WHAT IS REQUIRED:
Every line below should come back exactly as written, though the pictures stay out.

___ SUPPLIED INFORMATION ___

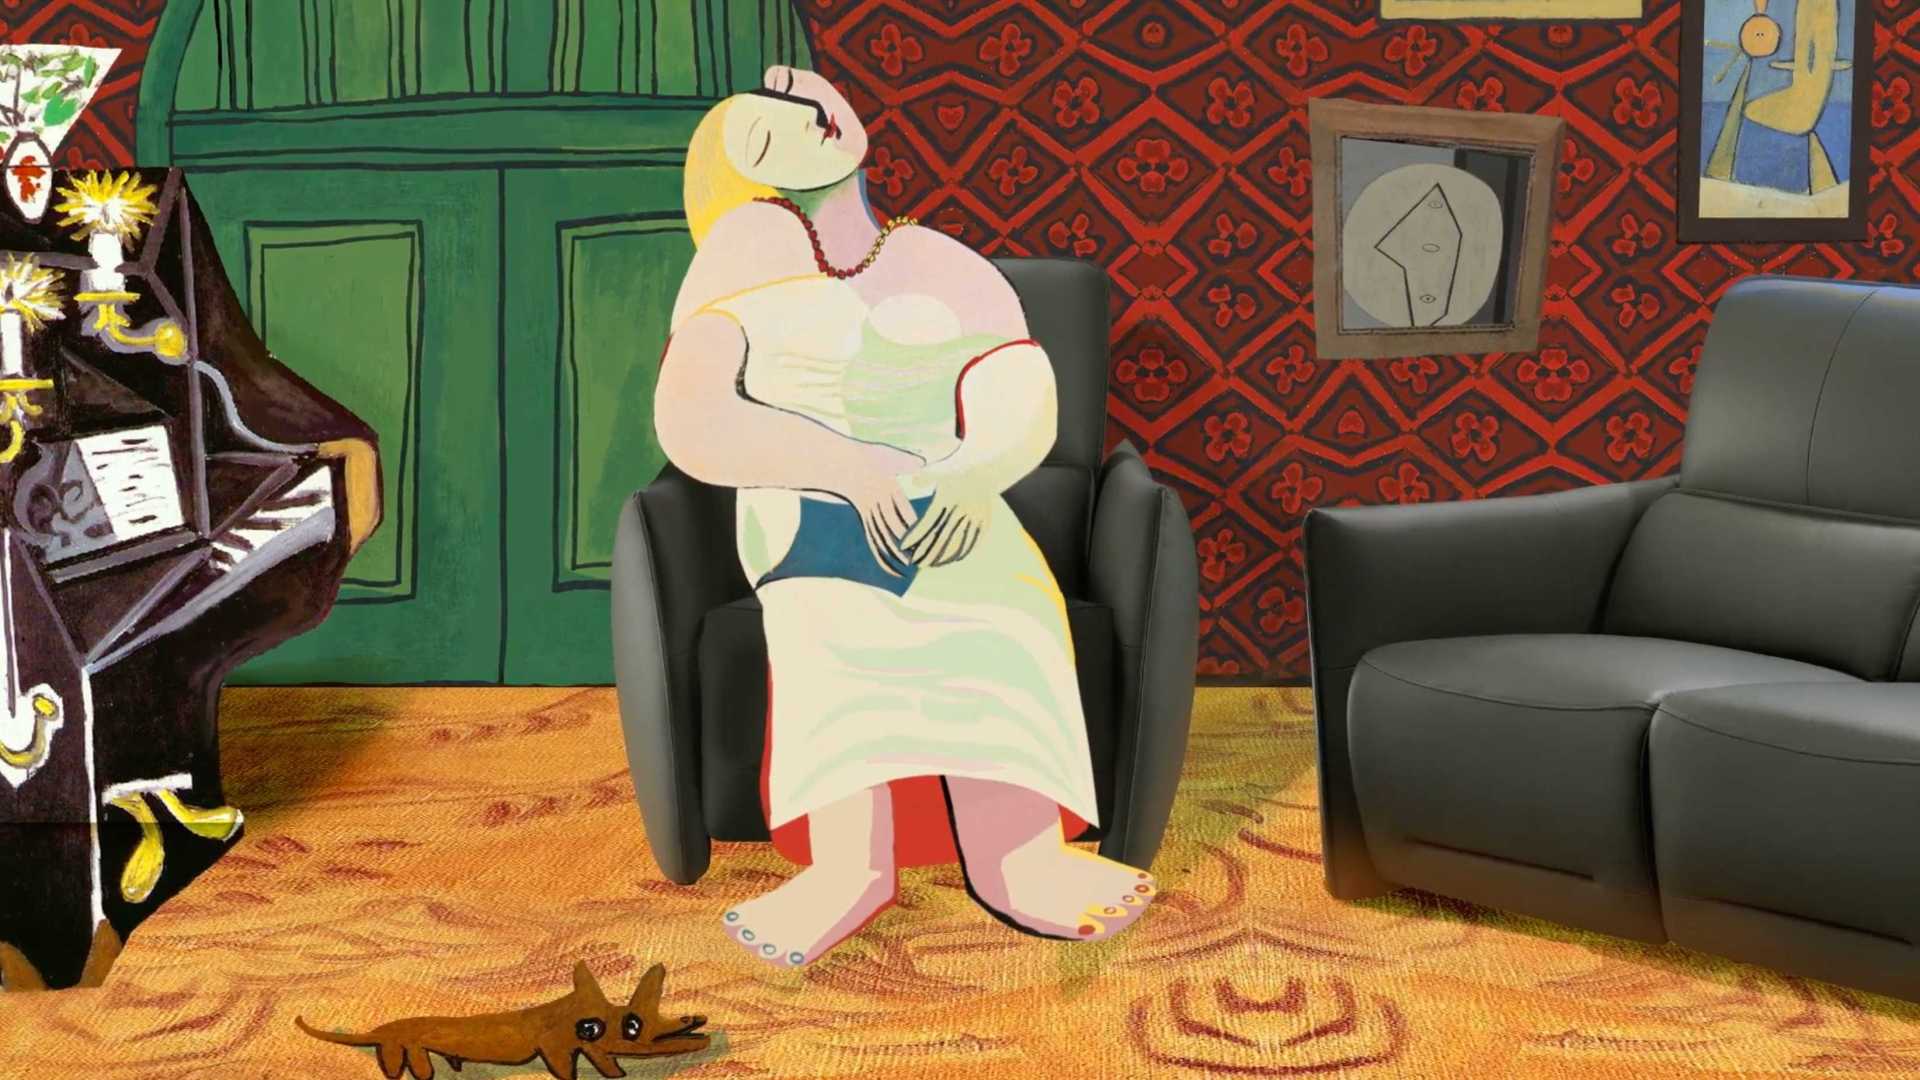 红星美凯龙·三维结合二维动画《无国界沙发篇》
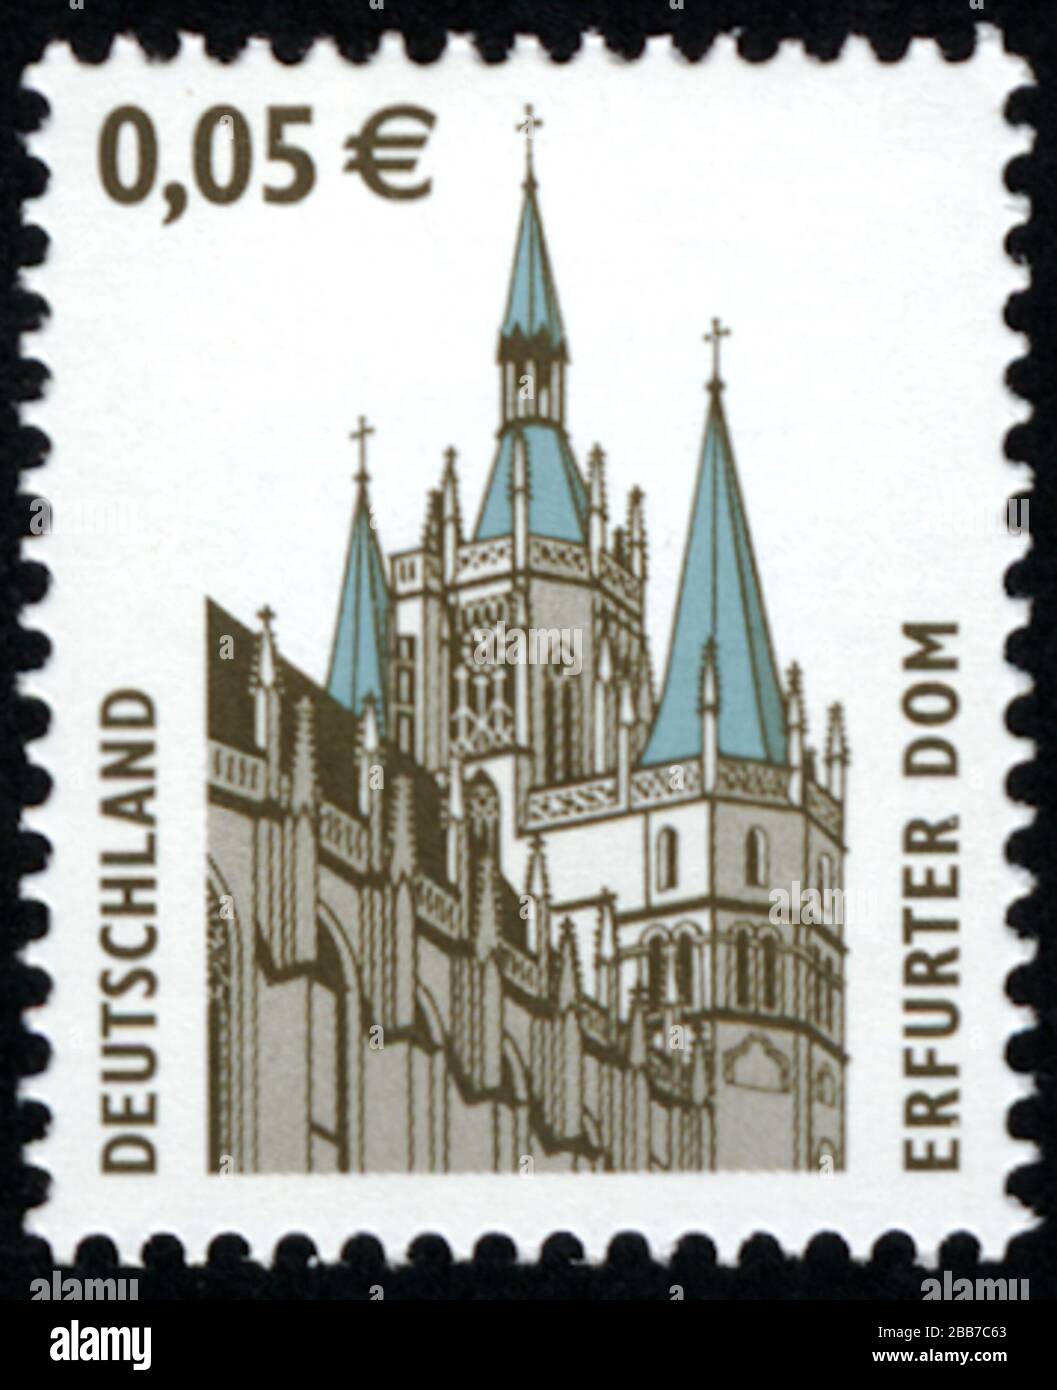 'Deutsch: Serienmarke der Deutschen Post 0.05 € Wert mit Erfurter Dom; 2004; Own work (Original caption:  eigene Sammlung--Karlarndthans 18:53, 1. Aug. 2010 (CEST)); Deutsche Post; ' Stock Photo
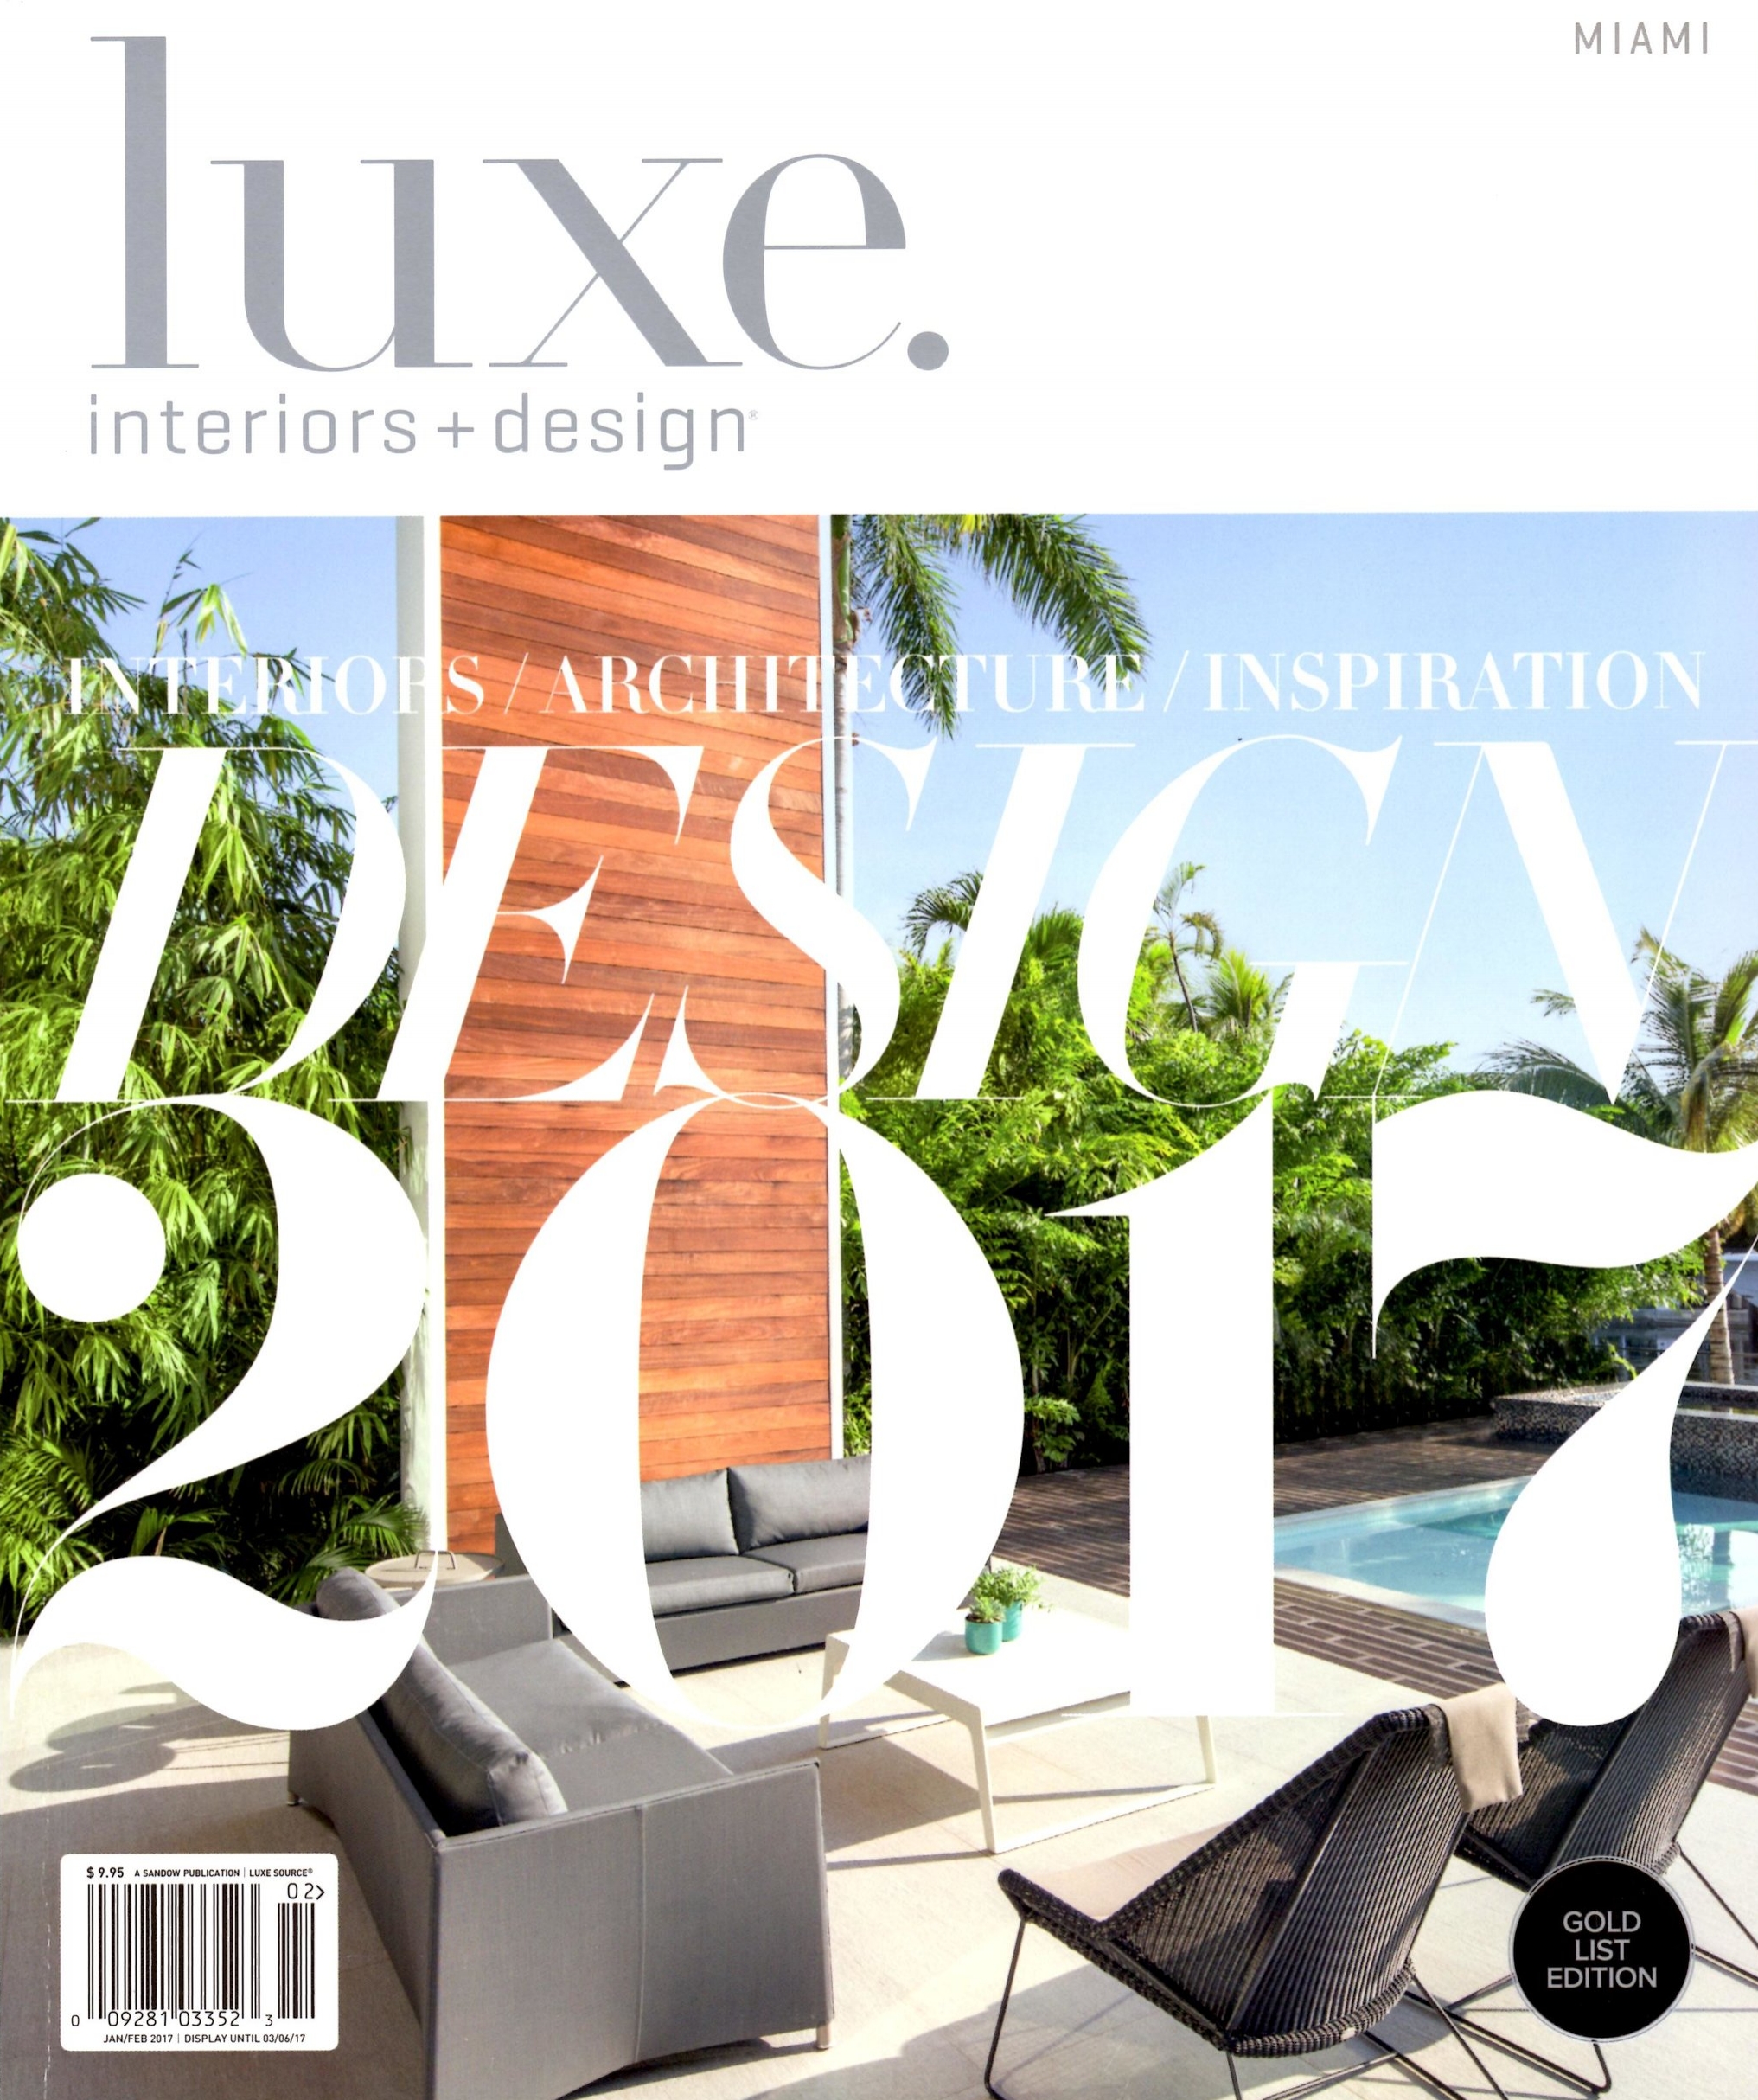 Luxe Magazine

___

YOUR RESPONSE:
 红星美凯龙·三维结合二维动画《无国界沙发篇》
 'Deutsch: Serienmarke der Deutschen Post 0.05 € Wert mit Erfurter Dom; 2004; Own work (Original caption:  eigene Sammlung--Karlarndthans 18:53, 1. Aug. 2010 (CEST)); Deutsche Post; ' Stock Photo
 Luxe Magazine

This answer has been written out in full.